By no means do I intend to white knight CoD here, but one of the main advantages perceivable there is that any progression is essentially horizontal. Leveling gives more options, to increase the complexity of how you interact versus other options equipped by other players. You already start off with basically balanced classes from the start. It's less about instant gratification in terms of rewards, etc., as it is about instant action, immediately getting to a position where you can see where you really stand, with a full range of interaction within that environment (your class vs. any other, even if you do not yet have access to every class). The same can be said for mobas like HotS, DotA2, LoL, or FPS-objective games like Overwatch or TF2, or just about any other arena skill-based game. Seems a little bit weird then to be putting that example in line with a vertical progression model like XIV's, where unranked PvP (luckily there at least) is one of the few places where gear doesn't especially matter. They're fundamentally different, especially when so little of XIV, and most notably while leveling, depends on skill far more than gear.
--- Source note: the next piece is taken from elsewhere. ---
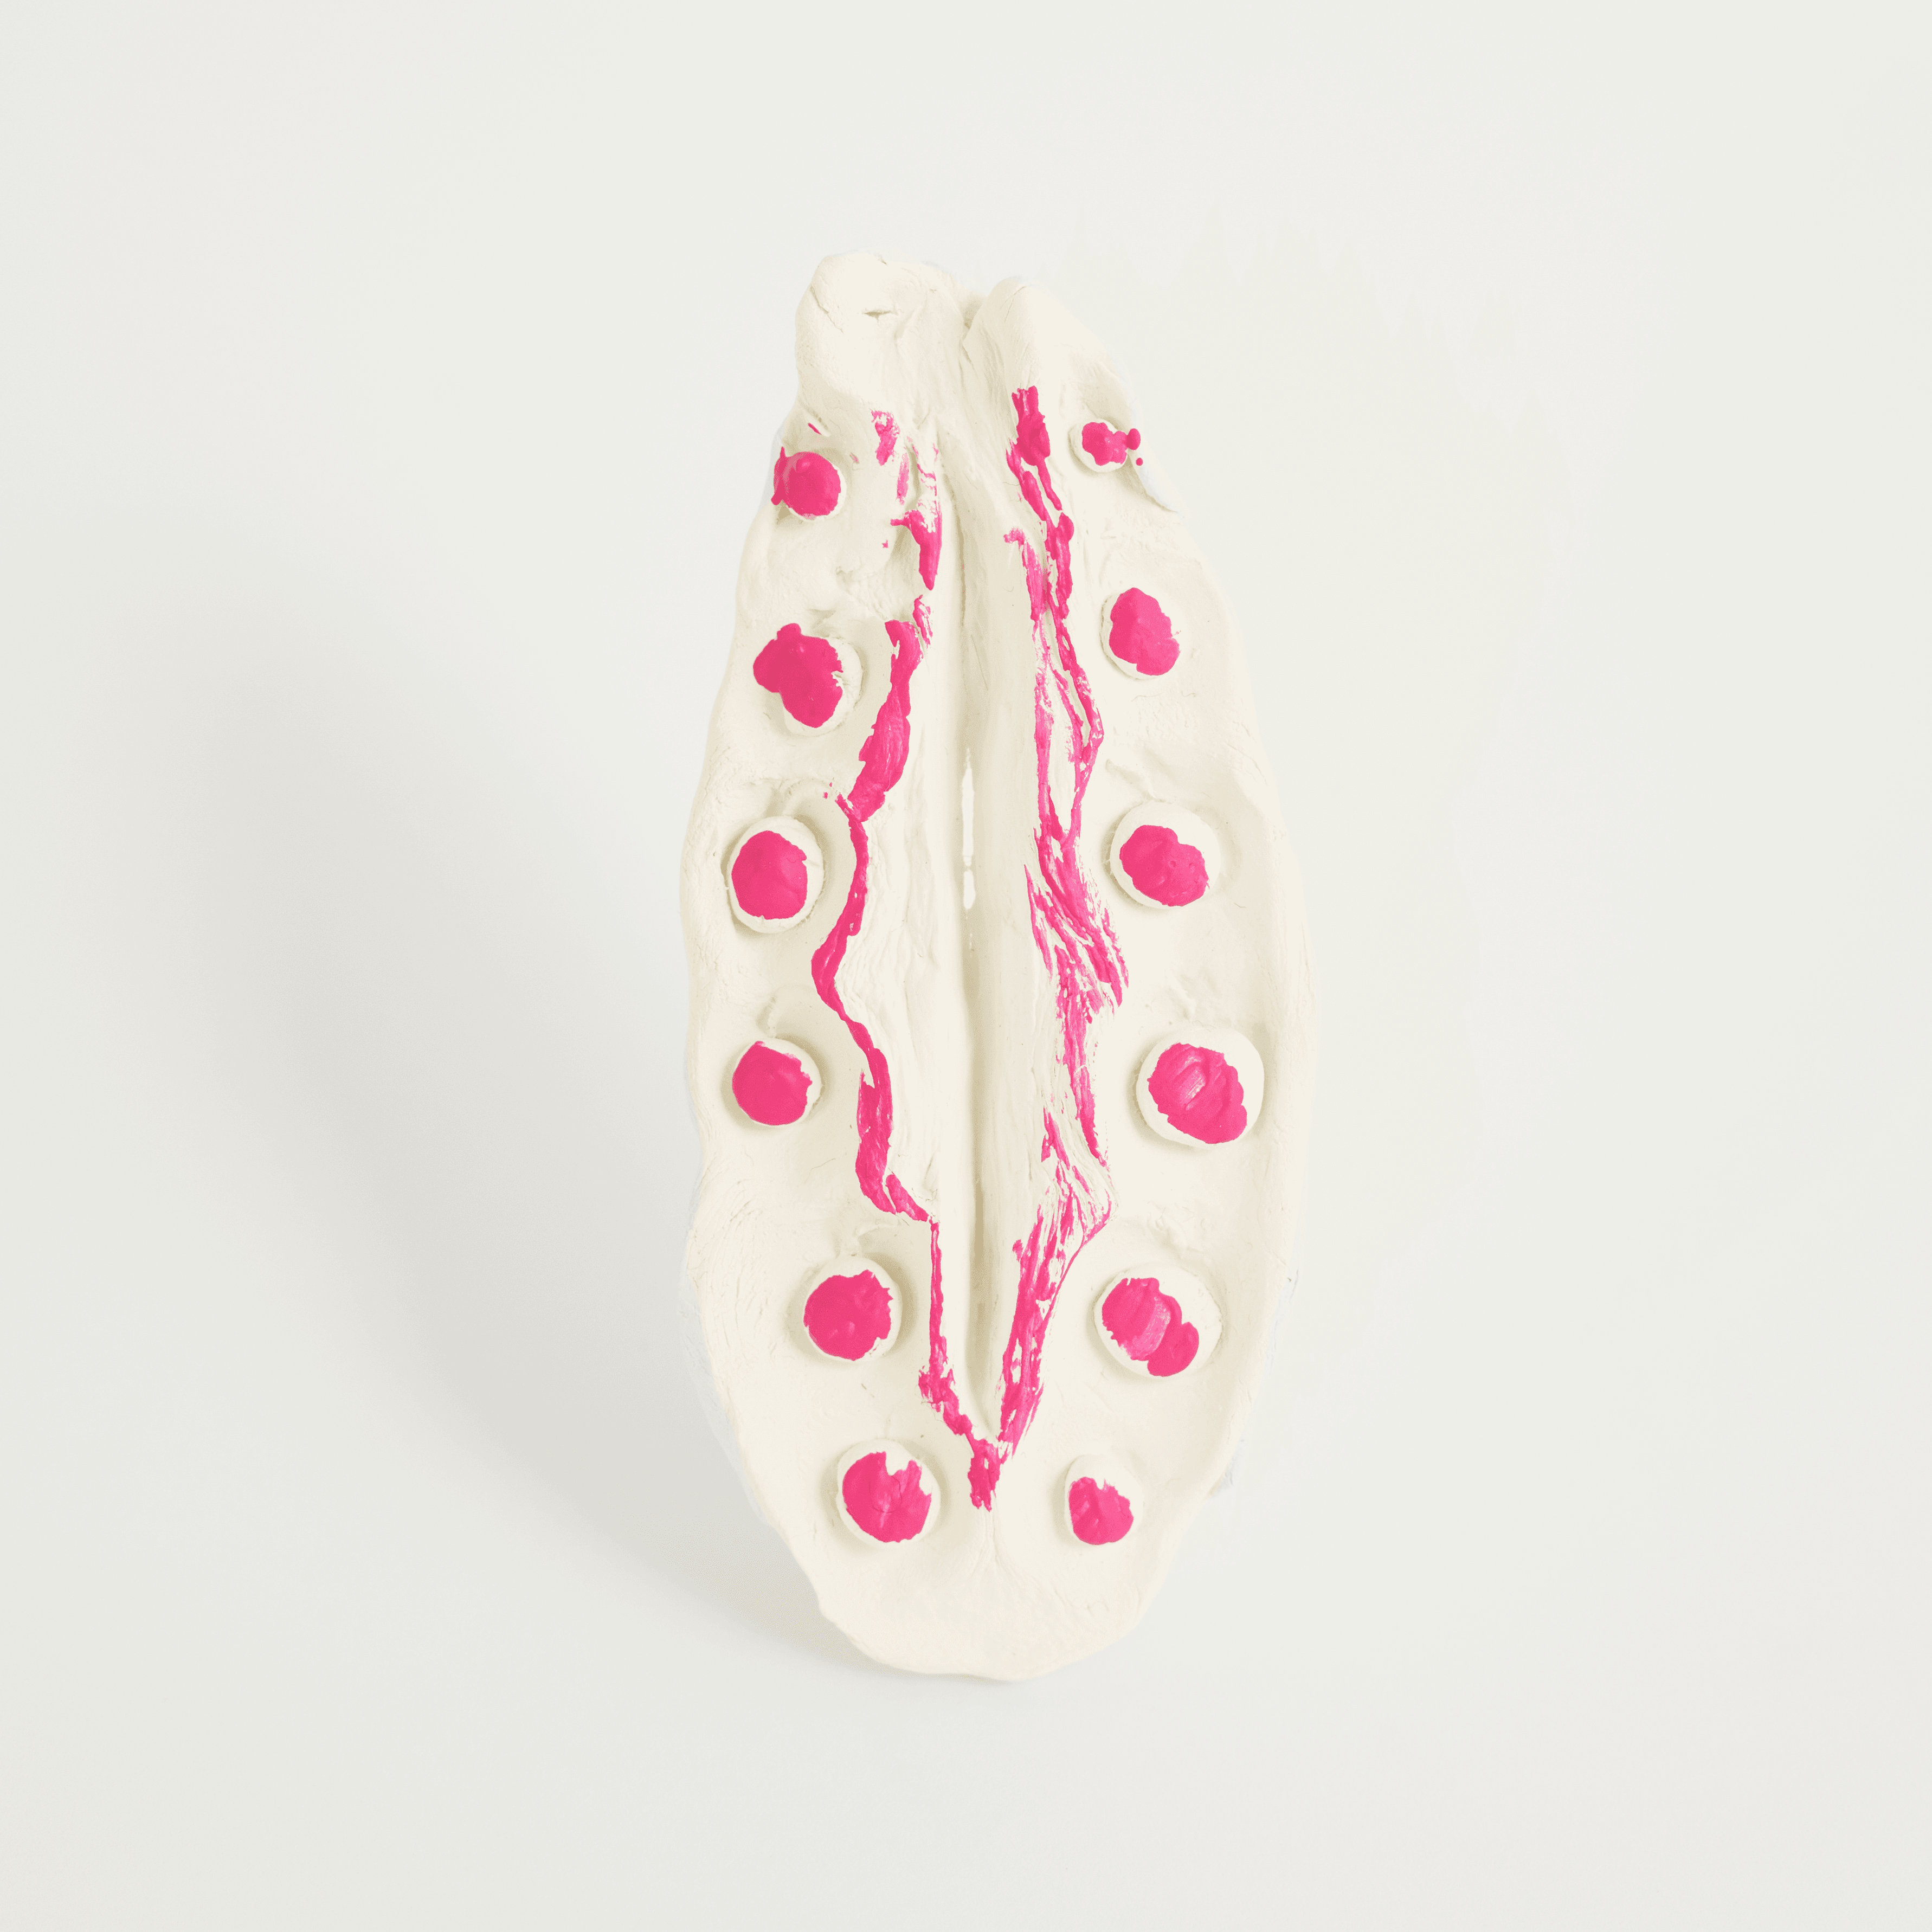 Vagina NFT #004

Now, in the sense that a model was proven to work and then gets milked into a dry husk of a corpse, sure, XIV does certainly follow that idea, along with the majority of MMOs released since WoW's success to some degree or another. And like most, they forget that WoW worked as well as WoW did back then because it was WoW, and not especially due to its model.
To be honest, I almost wish that instantgratificationaction was the case with XIV. I don't mean that in the sense of wanting to be level 60 immediately (it didn't even take especially long to get all combat jobs to 60 as is), but simply that I'd like to be challenged, at appropriate escalation, from the start. Give due support and additional intermediate content for struggling players, rather than glossing over or trimming down mechanics to avoid conflicts.